= Extracted data entries =
***
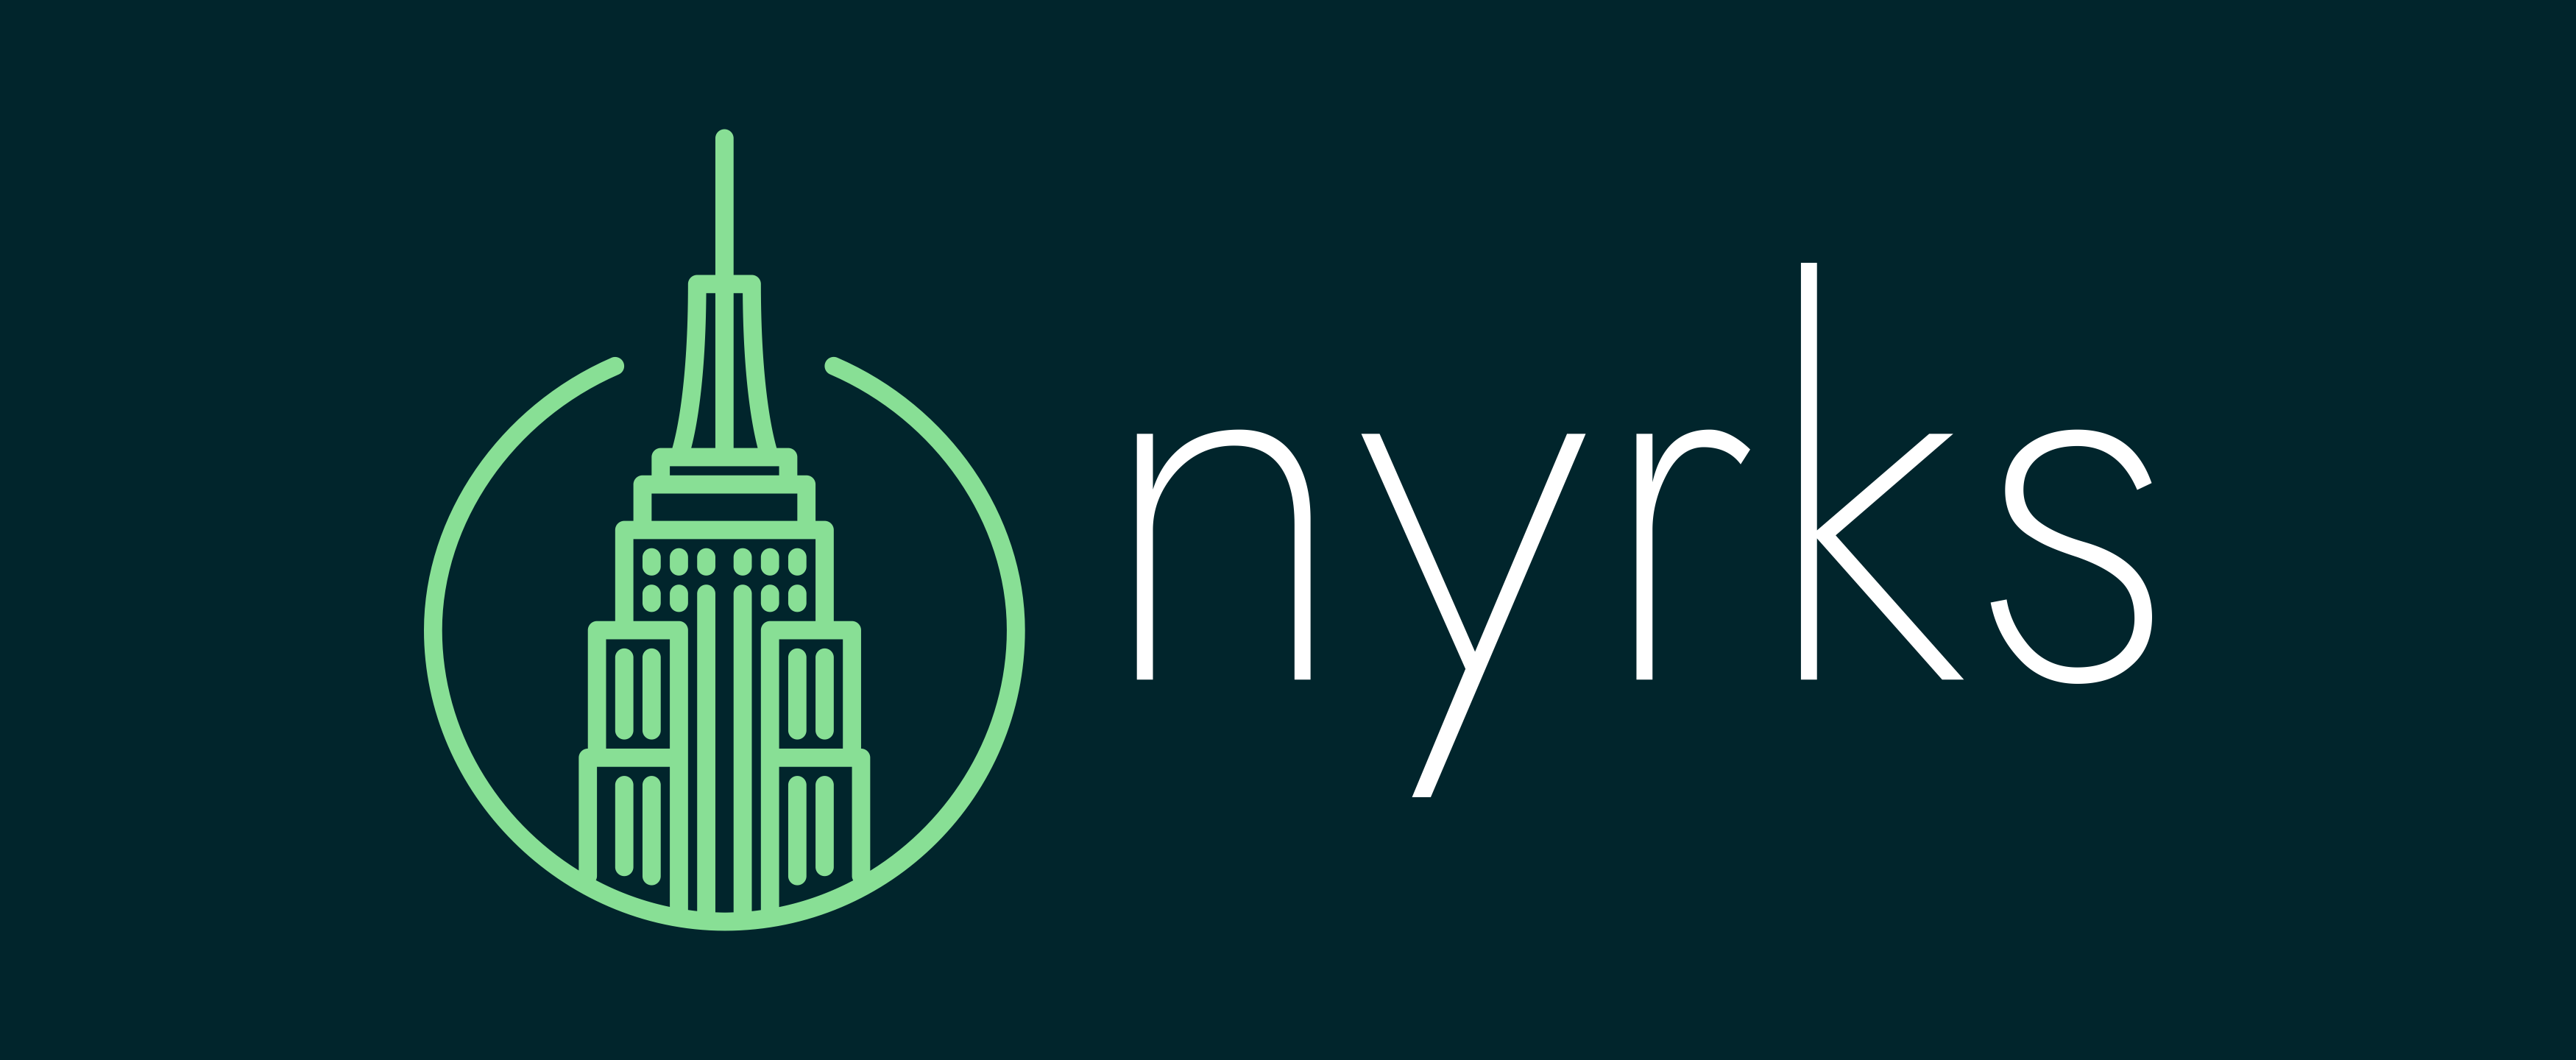 Nyrks Example Branding Photo
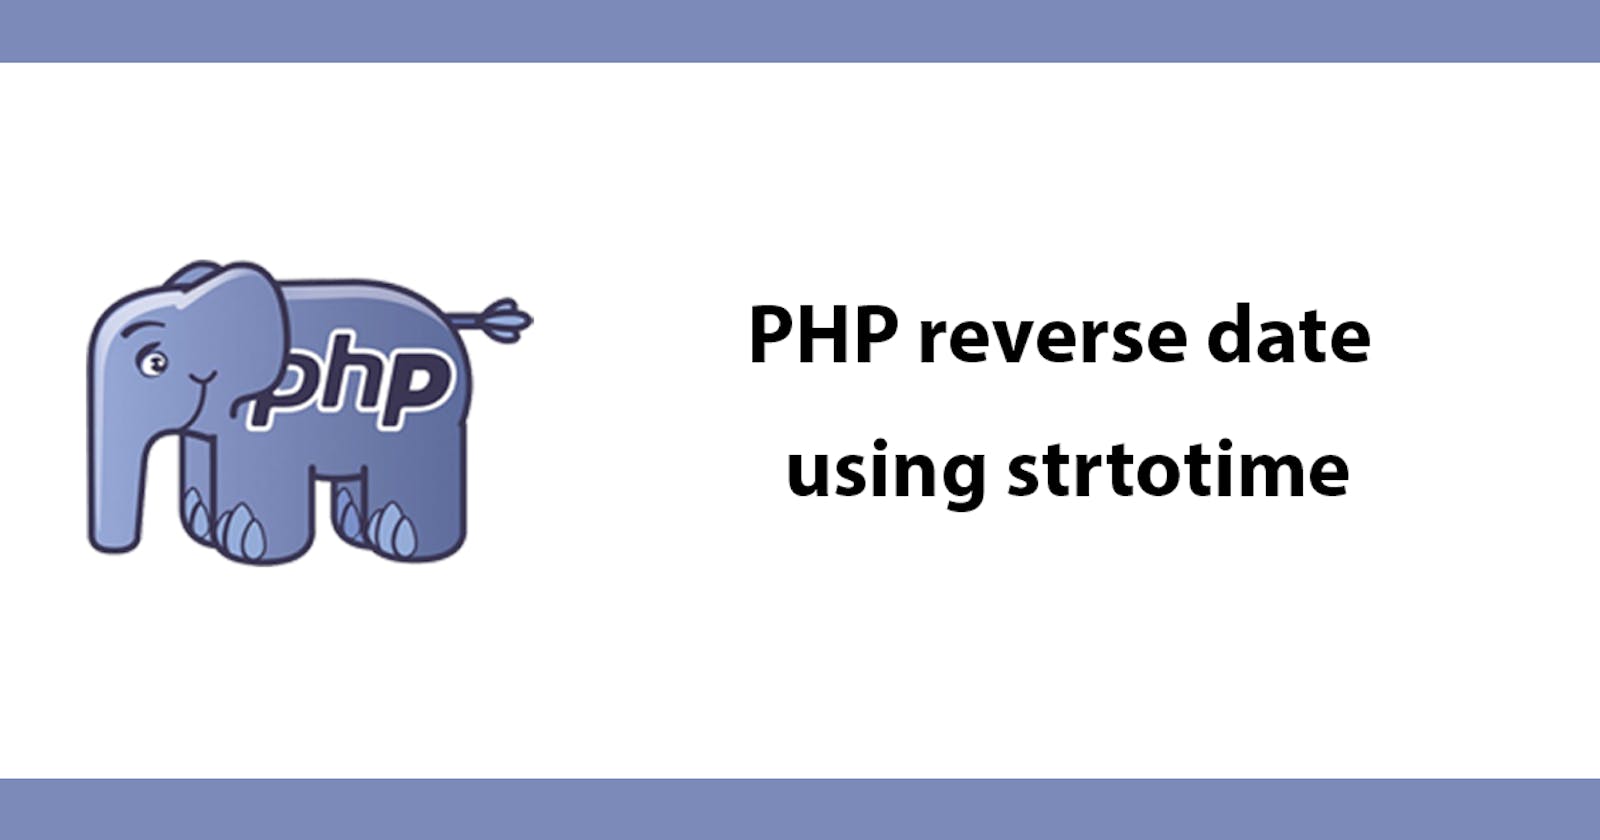 PHP reverse date using strtotime
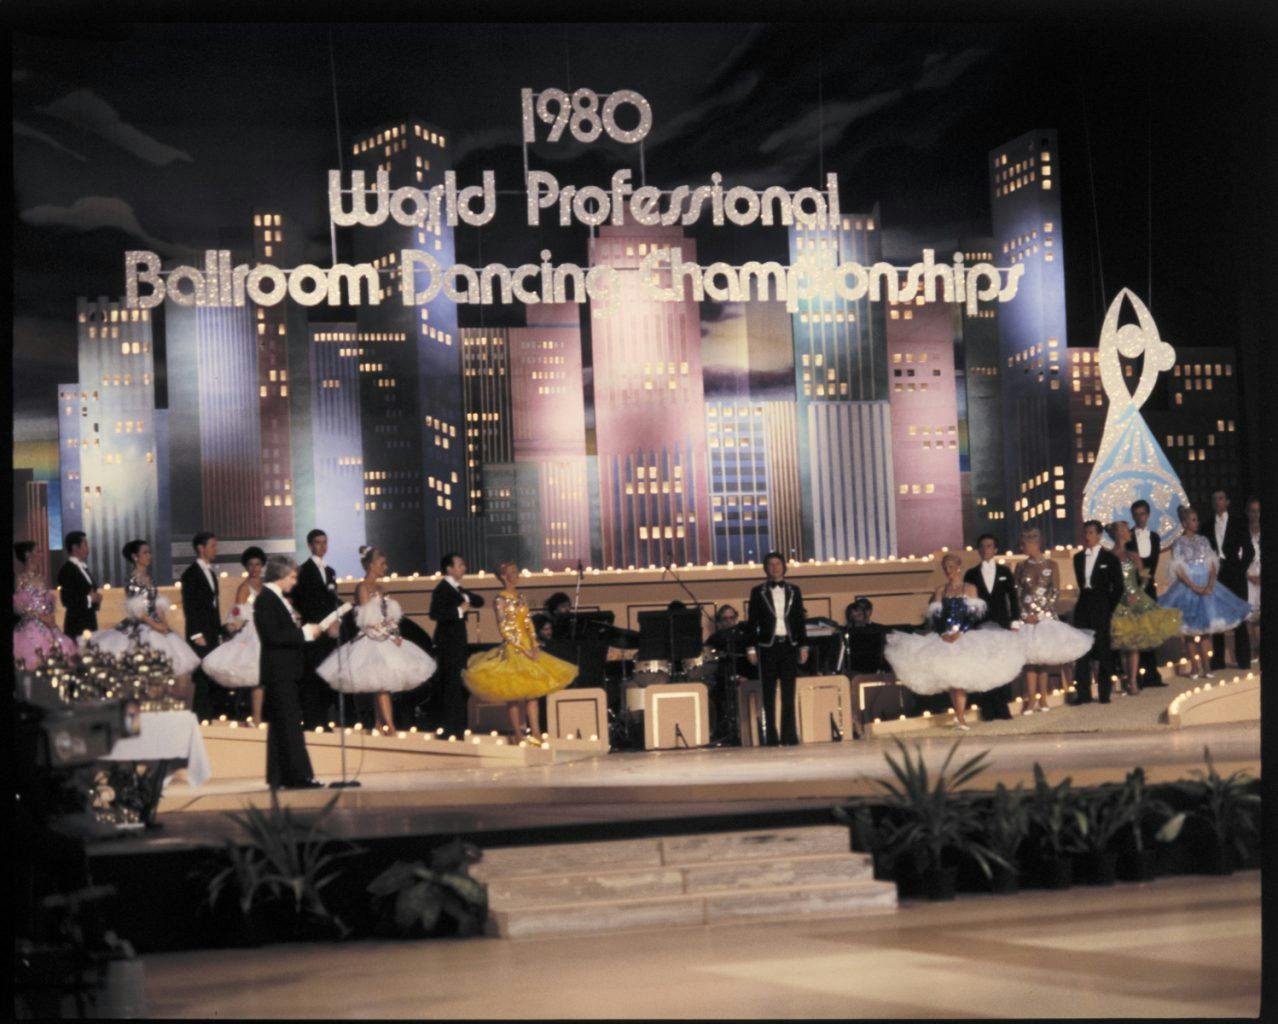 Perth Entertainment Centre World Ballroom Dancing Championships 1980
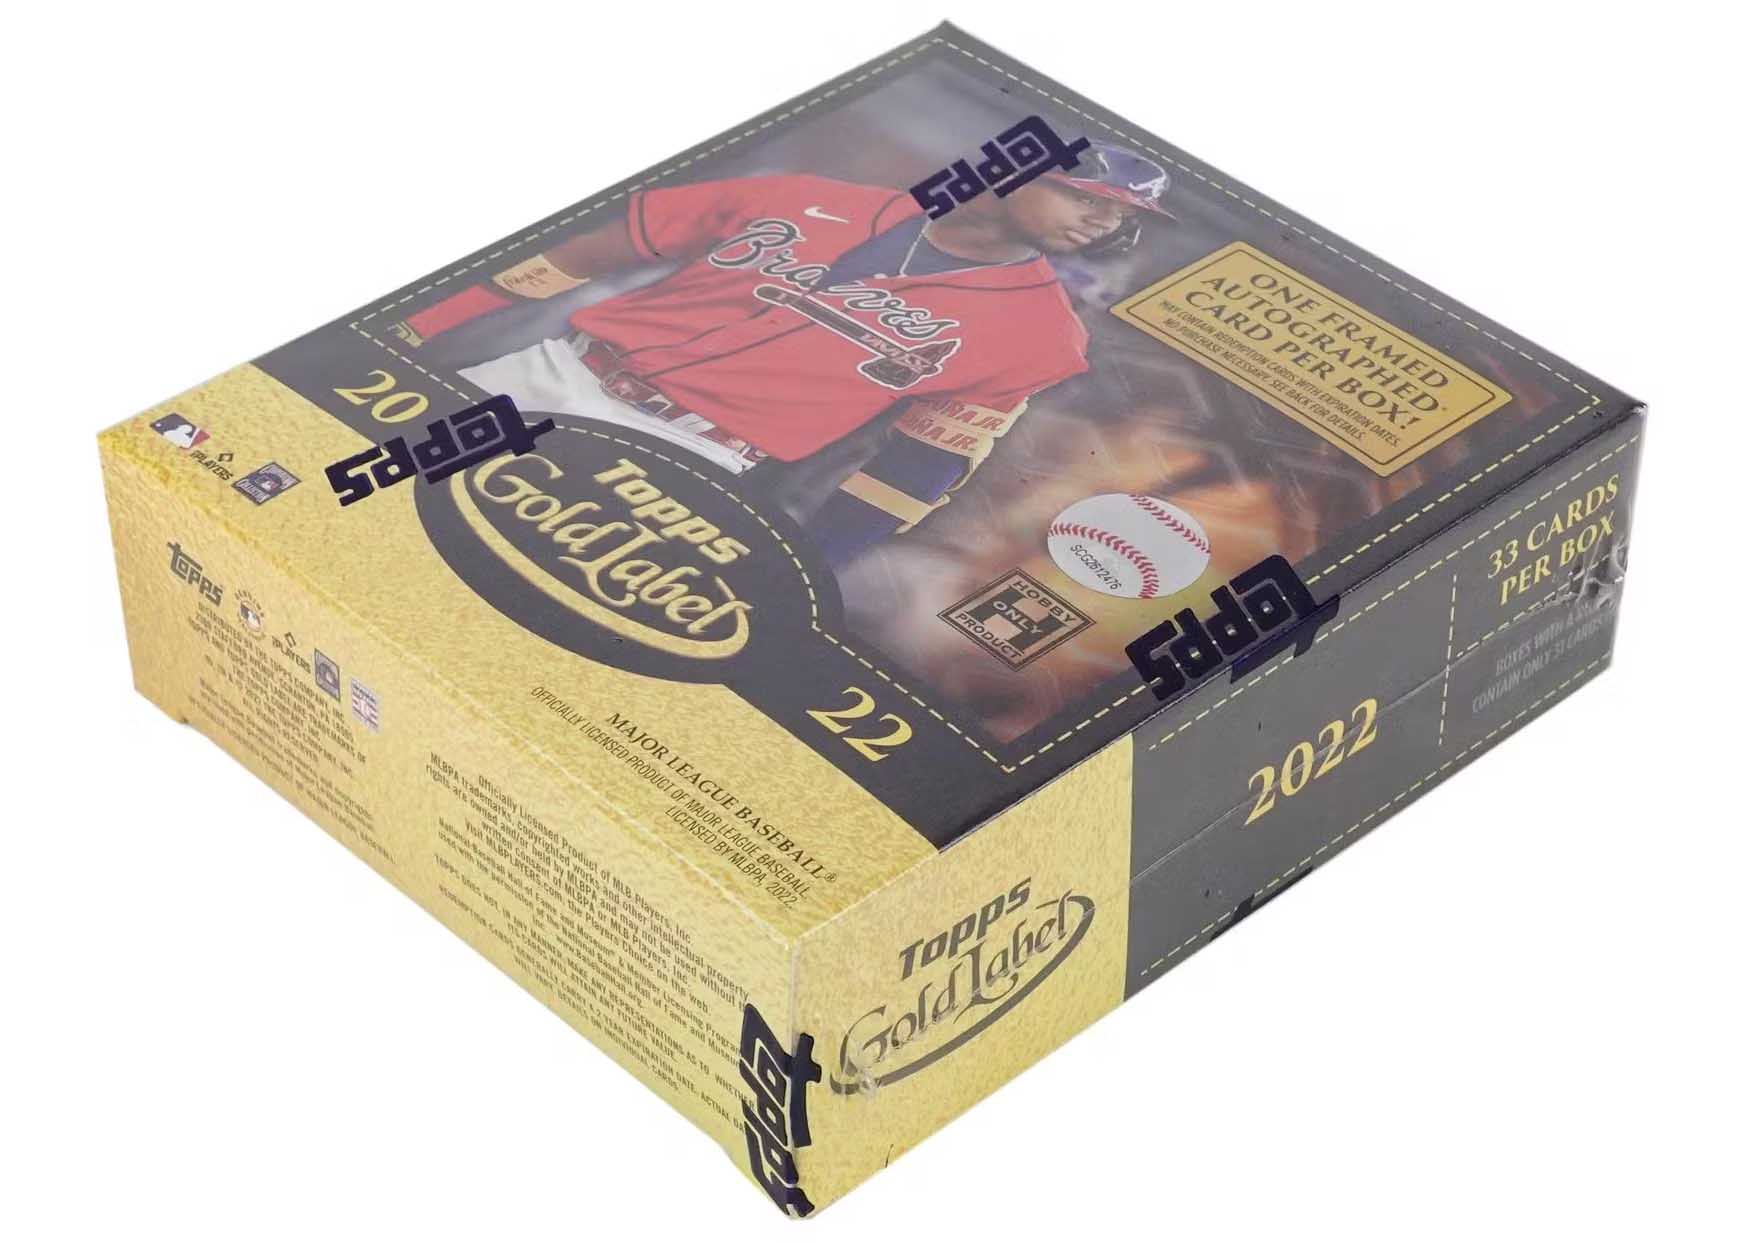 2022 Topps Gold Label Baseball Hobby Box (33 Card Count)
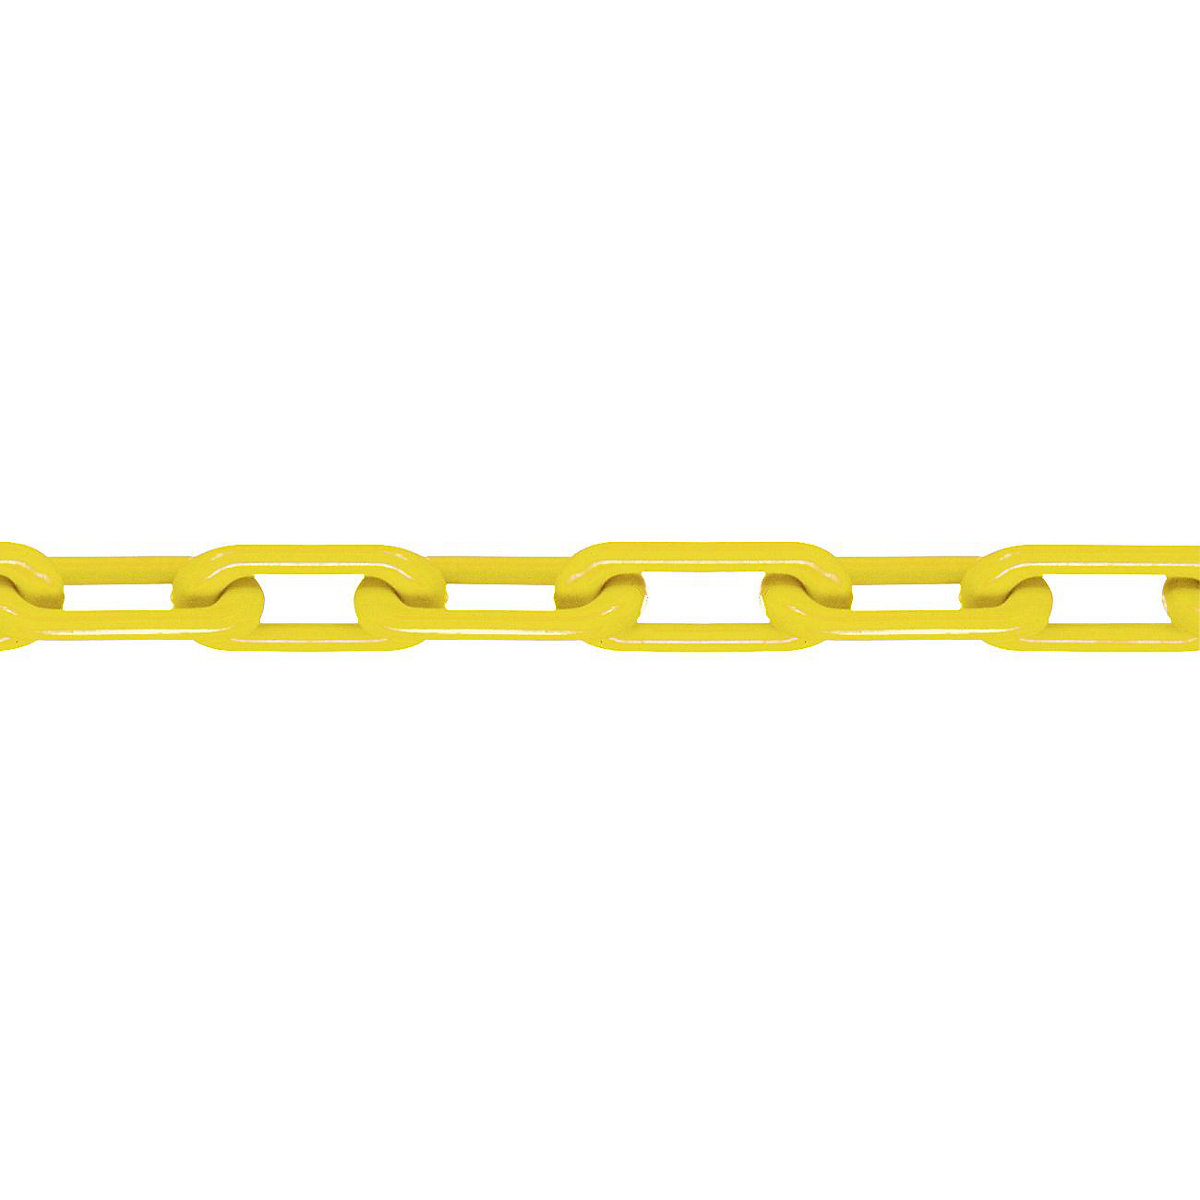 Nylon-kwaliteitsketting, MNK-kwaliteit 8, lengte 25 m, geel-3
***
= REQUIRED ACTION =
In your copy, include no pictures, but reproduce all records exactly.

= COMPLETED EXERCISE =
 Nyrks Example Branding Photo
 PHP reverse date using strtotime
 Perth Entertainment Centre World Ballroom Dancing Championships 1980
 2022 Topps Gold Label Baseball Hobby Box (33 Card Count)
 Nylon-kwaliteitsketting, MNK-kwaliteit 8, lengte 25 m, geel-3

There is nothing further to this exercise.